Visite de Banyalbufar et descente jusqu'à sa "plage". Une rivière finit en chute d'eau dans la baie, donnant une couleur verdâtre à l'eau de mer toujours bleue. Je défie quiconque d'avoir envie d'y passer l'après midi...
Ensuite, Estellencs est un joli village où il fait bon s'arrêter (hors saison, sinon impossible de se garer!) pour boire un café. Une jolie étape le long de cette route sinueuse et dangereuse où le vide est le moindre des périls. Le passage étroit dans les villages, les bus et les touristes comme moi rajoutent à la difficulté de l'expédition!
Au passage, nous nous arrêtons pour visiter l'une des nombreuses tours de guet présentes sur toute la côte de l'île. Vestige d'un passé où l'on annonçait l'arrivée d'envahisseurs par des feux, certaines de ces tours se visitent. celle-ci est bien aménagée, malgré un passage étroit à l'intérieur. D'autres, comme celle du cap Formentor (péninsule du nord), ont un accès plus périlleux.
Nous terminons par un stop à Andrax et son port de plaisance, un
petit St Tropez factice mais qui plaît aux riches propriétaires de bateaux. Je pense qu'à un certain niveau de vie, on se moque de trouver un peu de culture et d'identité locale. Les seuls repères que constituent des marques comme Gucci, Versace ou Polo Ralph Lauren doivent suffire à rassurer les riches plaisanciers. Payer à prix d'or une bulle qui nous préserve de la triste (mais vraie) réalité des choses... Comment ne pas se rendre compte qu'on vit dans l'erreur... bref!
Cette première journée se terminera comme la plupart des soirs de ces 15 jours, par une ballade à pieds le long de la mer jusqu'à Magaluff. On comprend alors peu à peu où nous sommes tombés! Un kilomètre à pied nous sépare d'une enclave germanique où se côtoient les pires travers de l'espèce humaine, si tant est que ces teutons-là en fassent partie!

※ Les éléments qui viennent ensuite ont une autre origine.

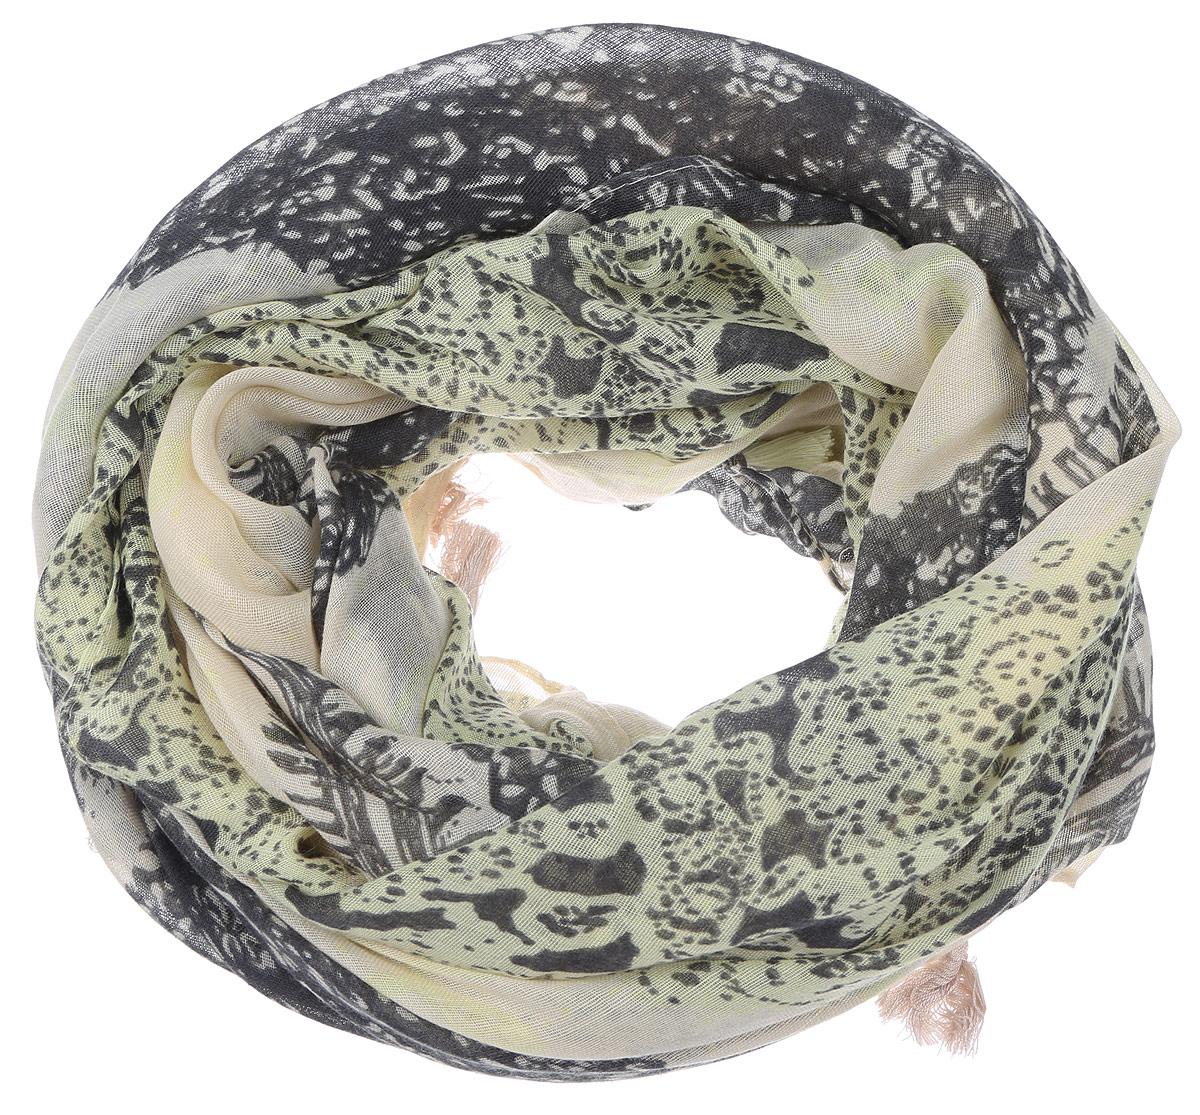 Палантин Sophie Ramage, цвет: желтый, темно-серый. YY-21667-38. Размер 100 см х 180 смYY-21667-38Элегантный палантин Sophie Ramage изготовлен из высококачественного модала с добавлением шелка. Оформлена модель стильным принтом с узорами и дополнена по краям бахромой в виде пушистых кисточек. Палантин красиво драпируется, он превосходно дополнит любой наряд и подчеркнет ваш изысканный вкус.

Pour faire simple, je dirais seulement que les clichés existent et qu'ils sont rédhibitoires pour des gens à peu près sains de corps et d'esprit. Des groupes de gros gars rotant descendent leurs bières tandis que passent dans la rue des filles à peine habillées et à peine majeures.
Les uns lorgnent, les autres tentent de descendre un peu ce qui leur sert de jupe et qui dévoile la totalité de leurs gambettes, sinon plus.
On rajoute à ça, le bruit, l'odeur de gras, la malbouffe partout et les néons et je pense qu'on touche là au degré zéro de l'humain.
Nous y sommes pourtant retourné chaque soir, un peu par voyeurisme et aussi parce que l'animation Neckermann purement allemande de notre hôtel était inintéressante. A Magaluff, nous étions transportés ailleurs, plus proches du "Port d'Amsterdam" de Jacques Brel que d'une destination méditerranéenne. Avis aux amateurs!